> [Work order]: Restate the listing that follows word for word, without its pictures.

++++ Data section

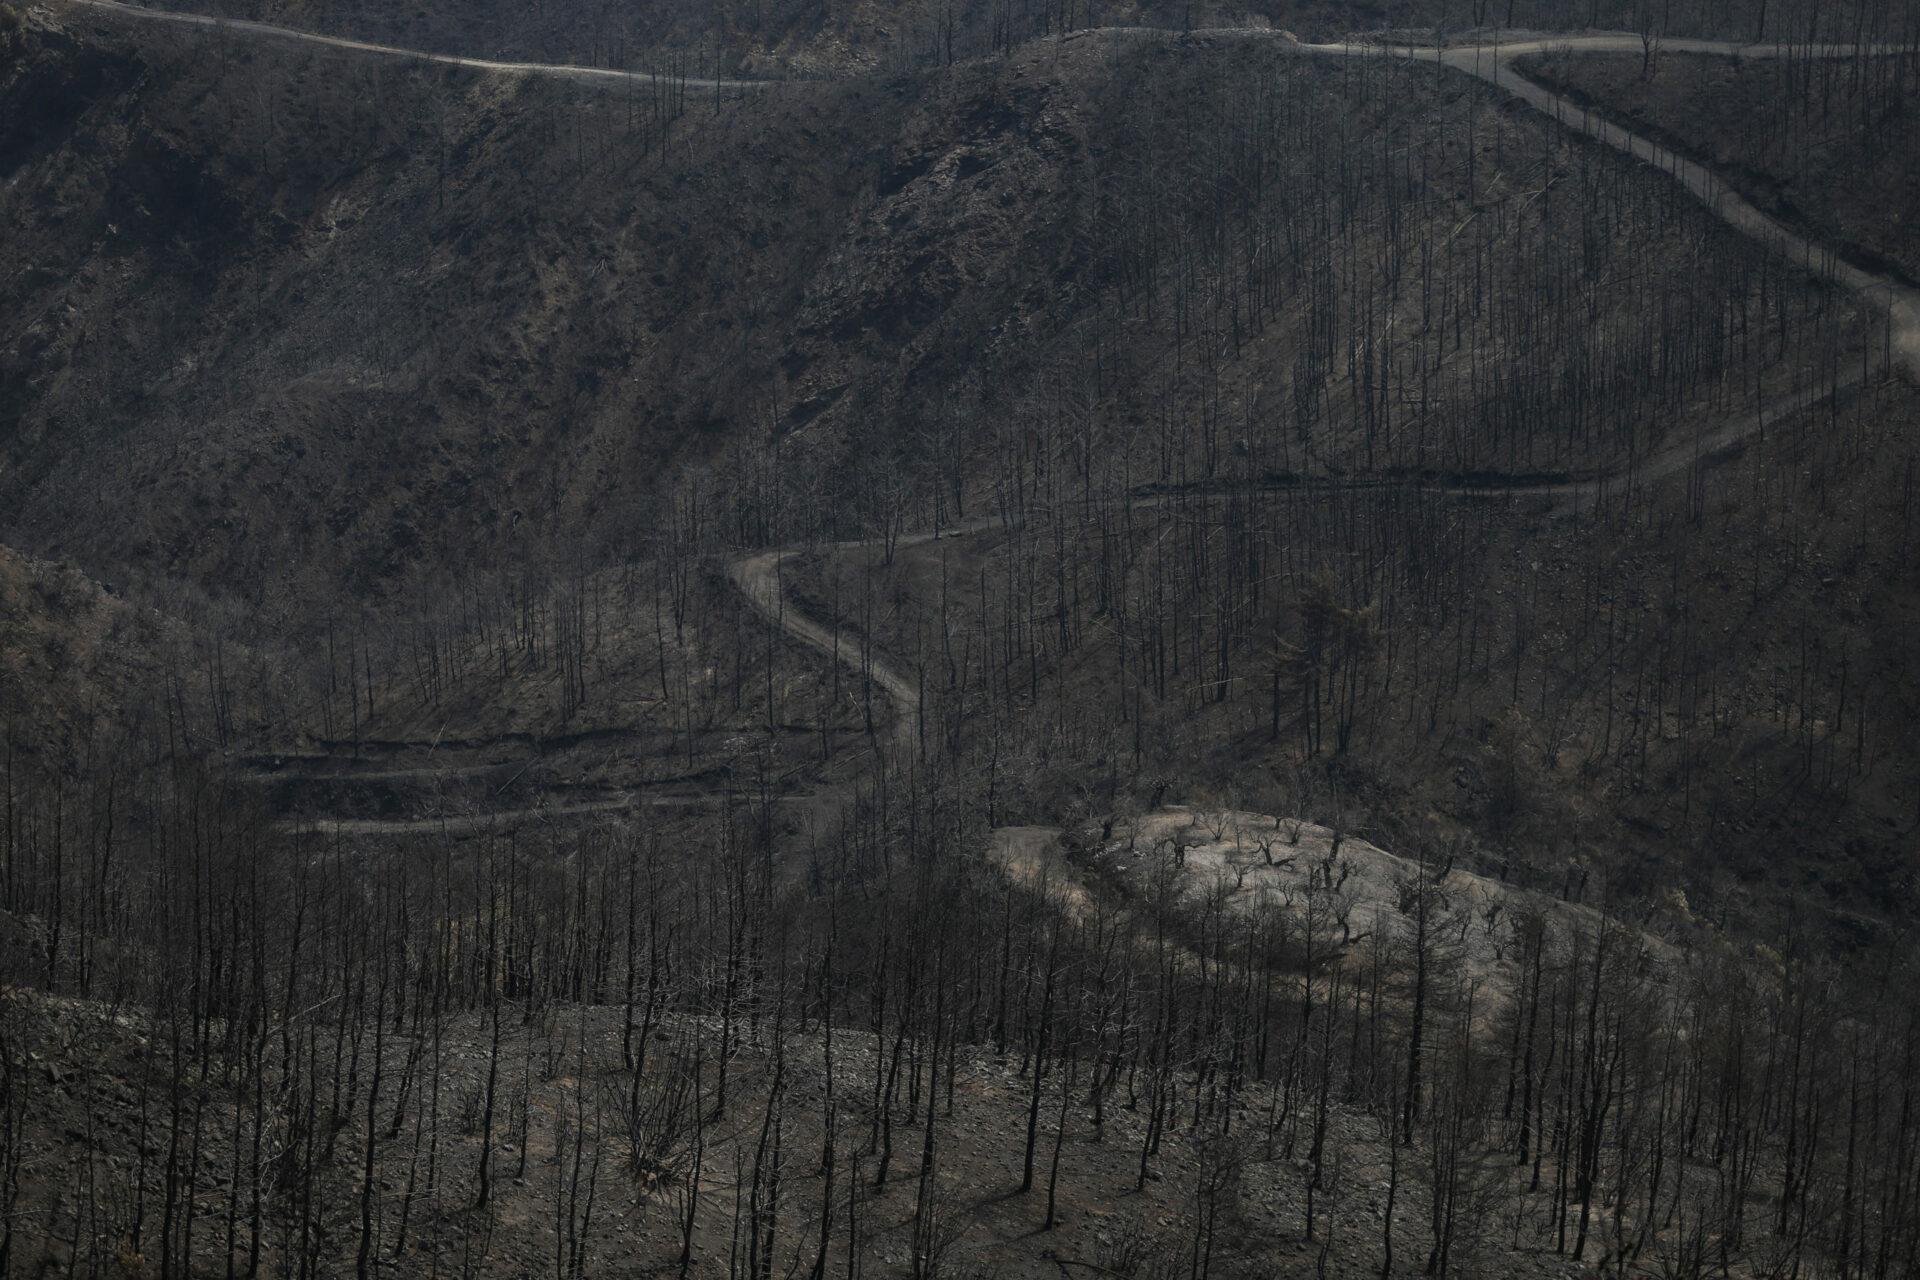 Οι πρώτοι ανάδοχοι αναδάσωσης μετά τις καταστροφικές φωτιές στην Εύβοια
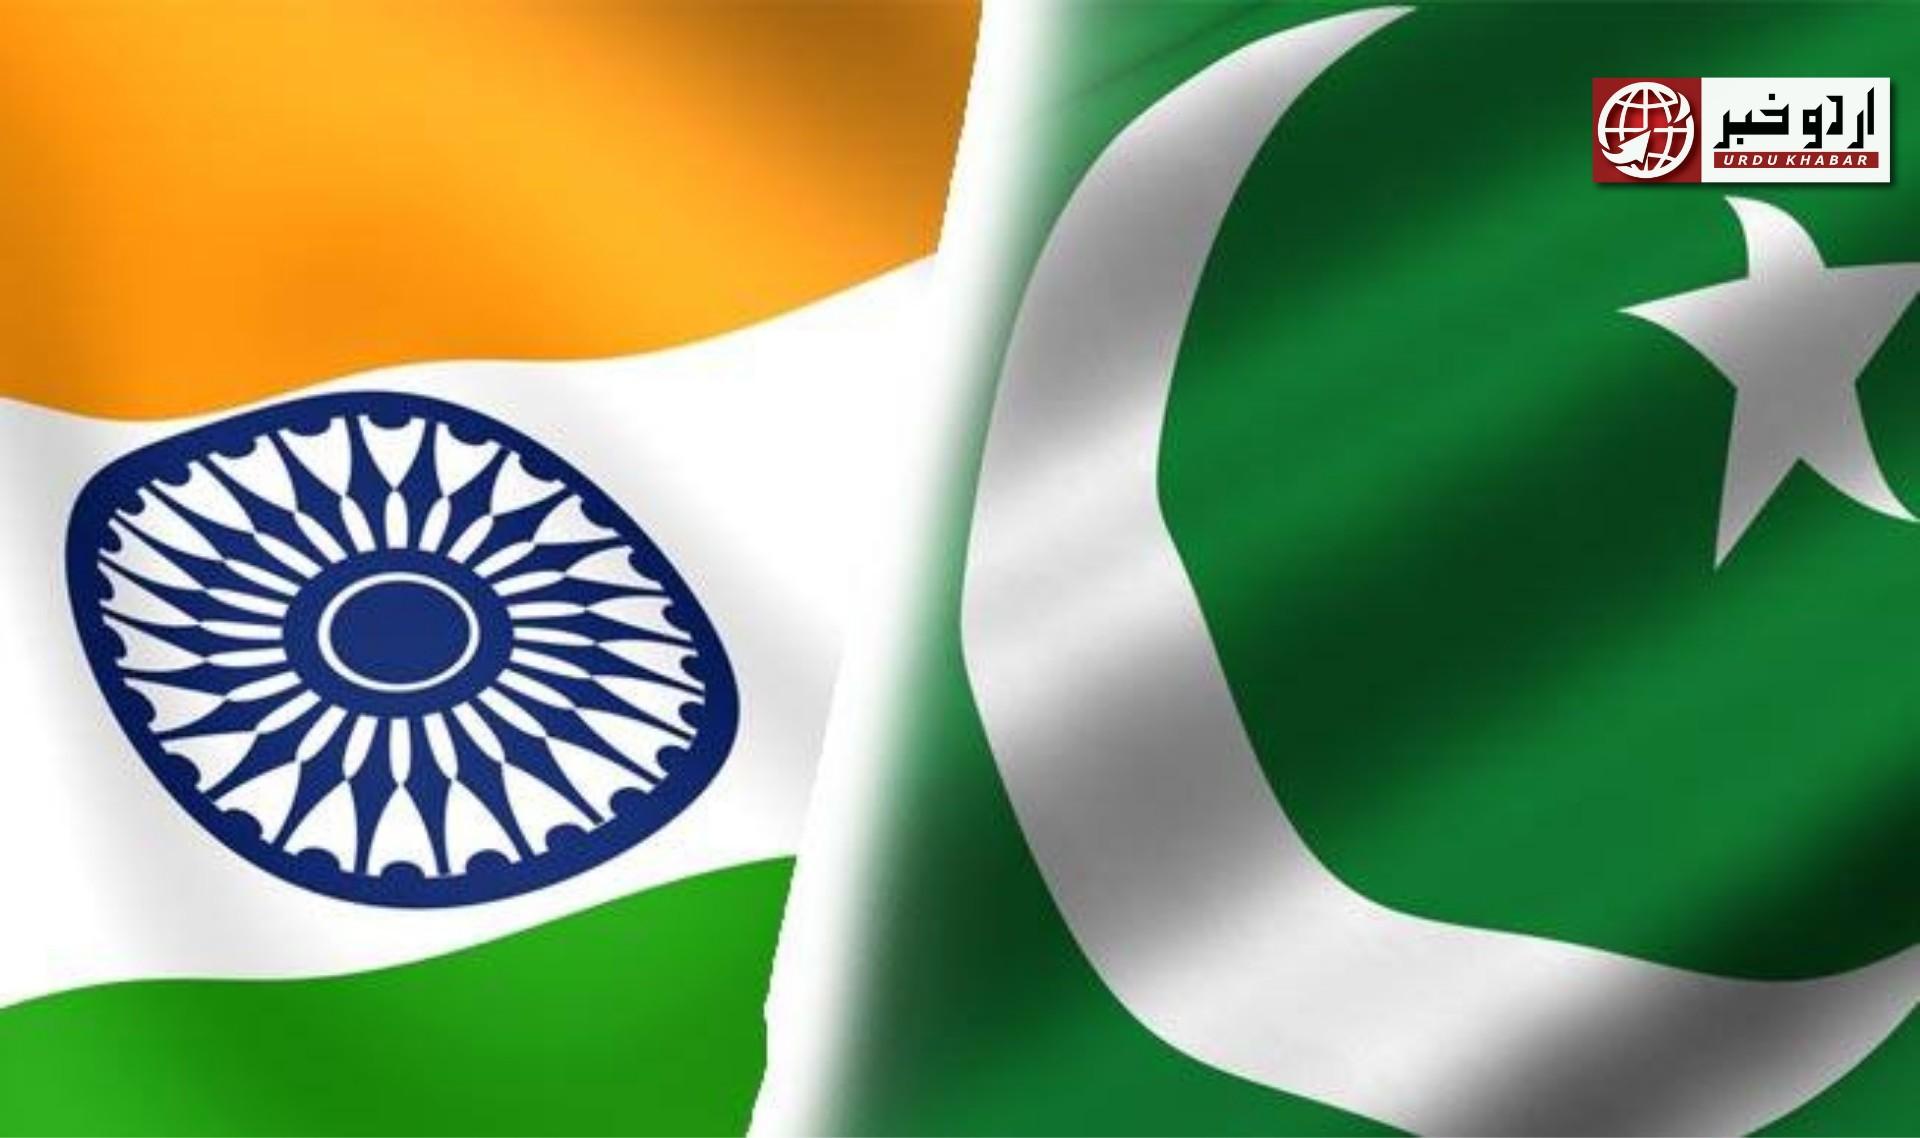 پاکستان اور بھارت نے ایک دوسرے کا سفارتی عملہ 50 فیصد کر دیا
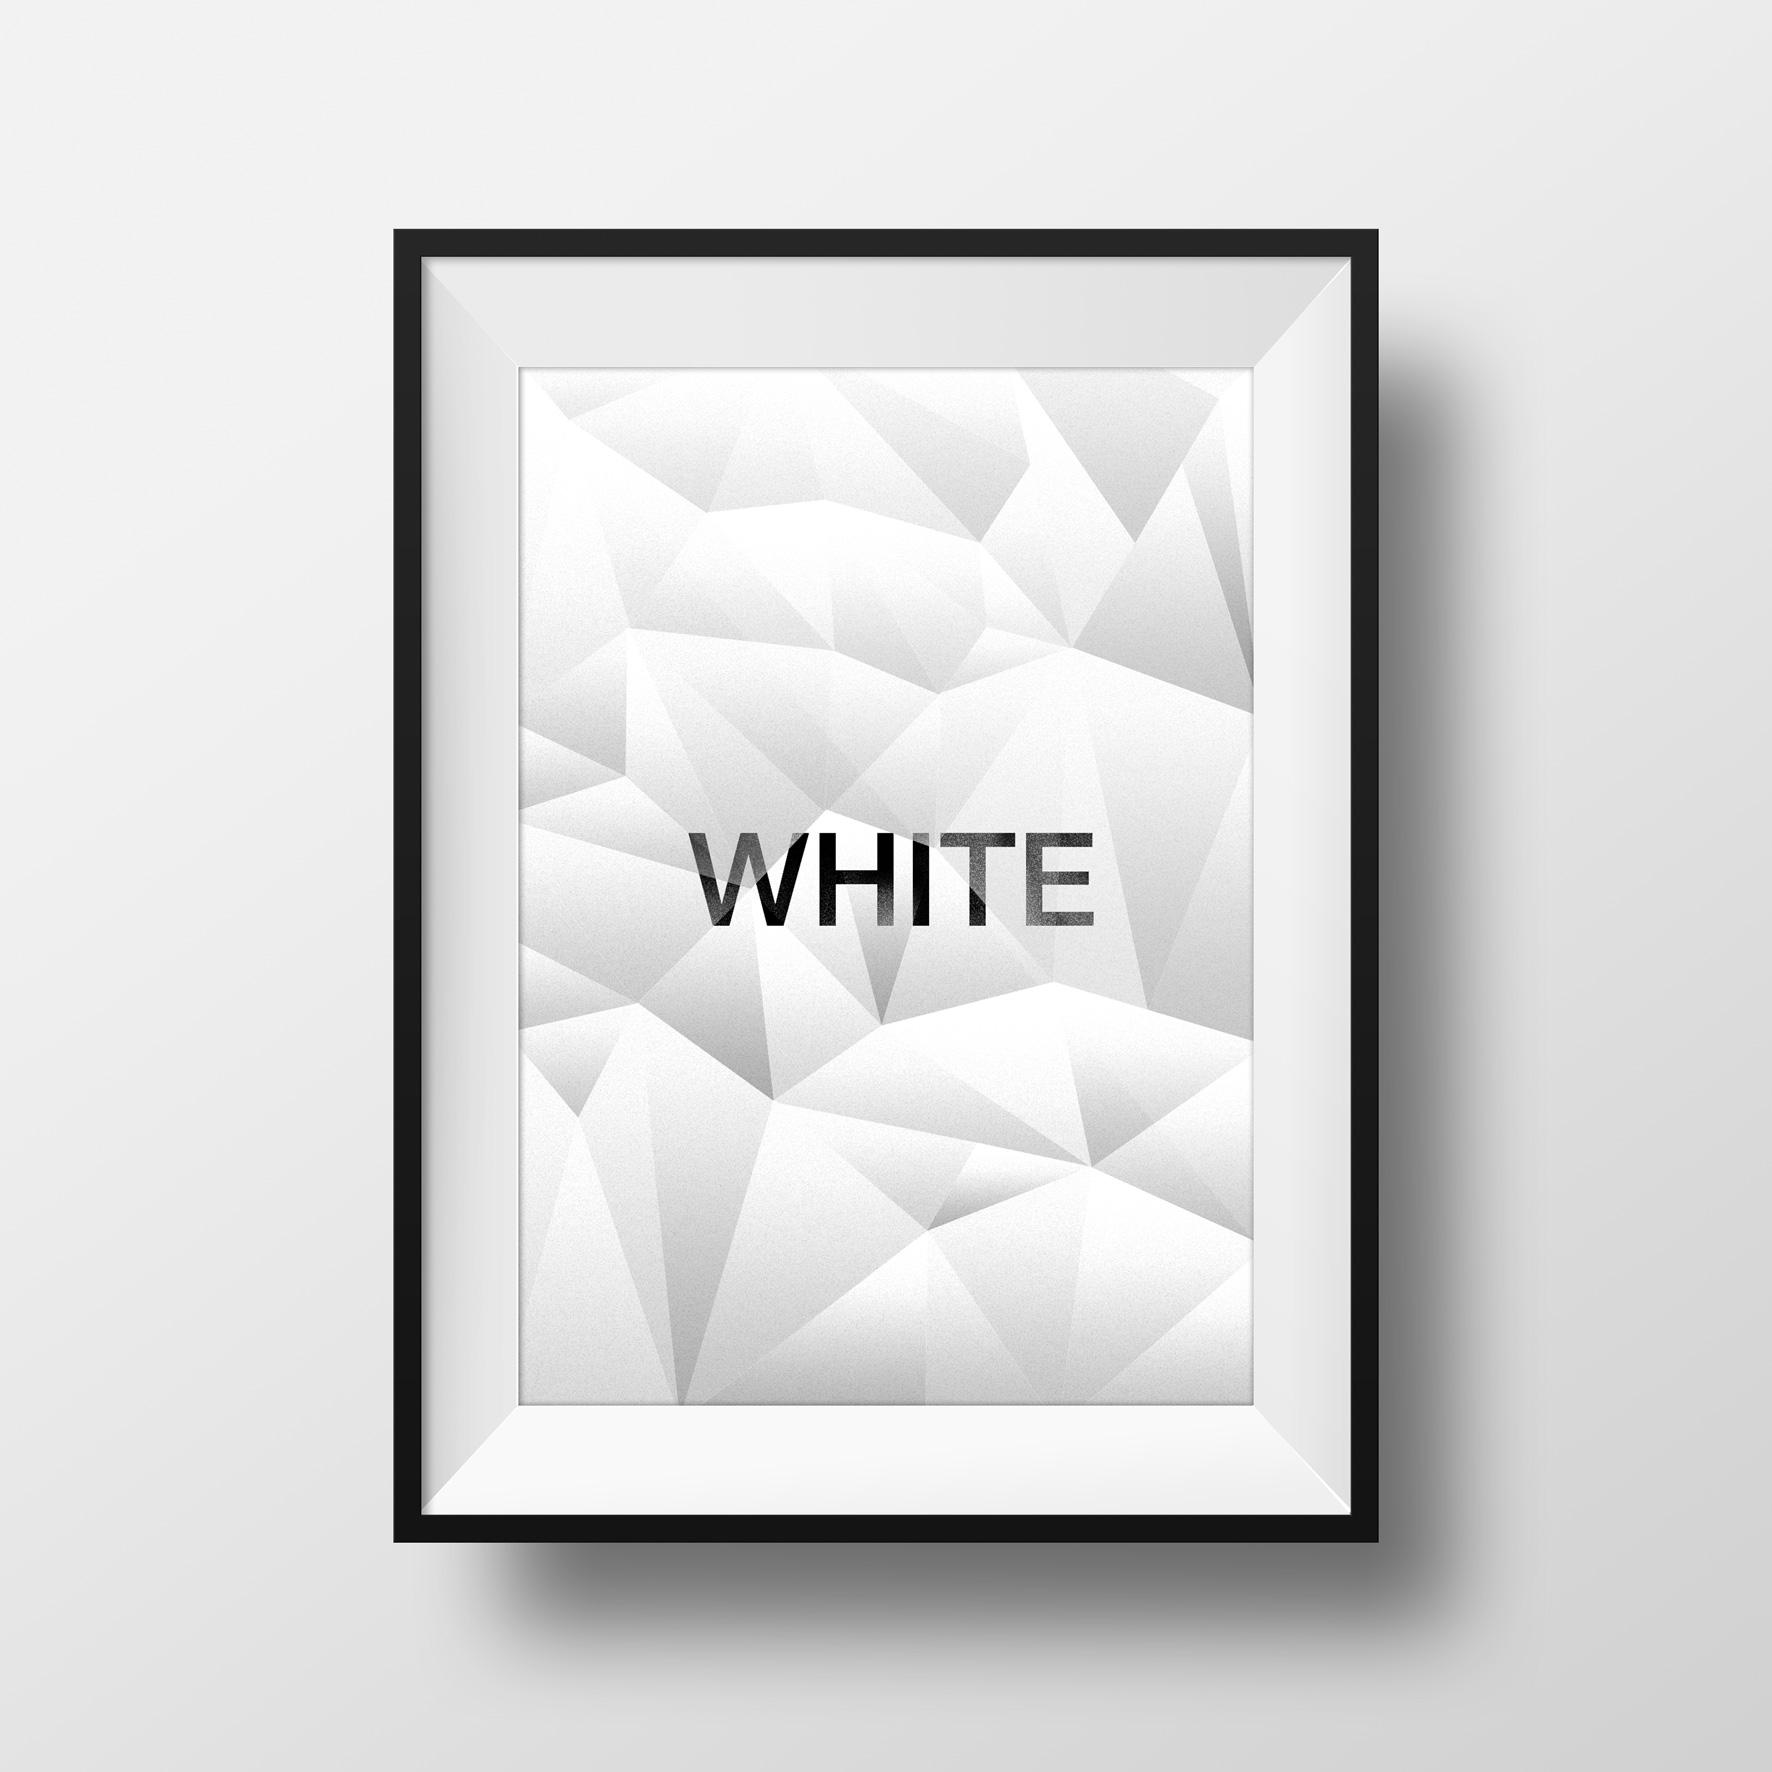 white_prez

++++++++

> [Finished task]:
 Οι πρώτοι ανάδοχοι αναδάσωσης μετά τις καταστροφικές φωτιές στην Εύβοια
 پاکستان اور بھارت نے ایک دوسرے کا سفارتی عملہ 50 فیصد کر دیا
 white_prez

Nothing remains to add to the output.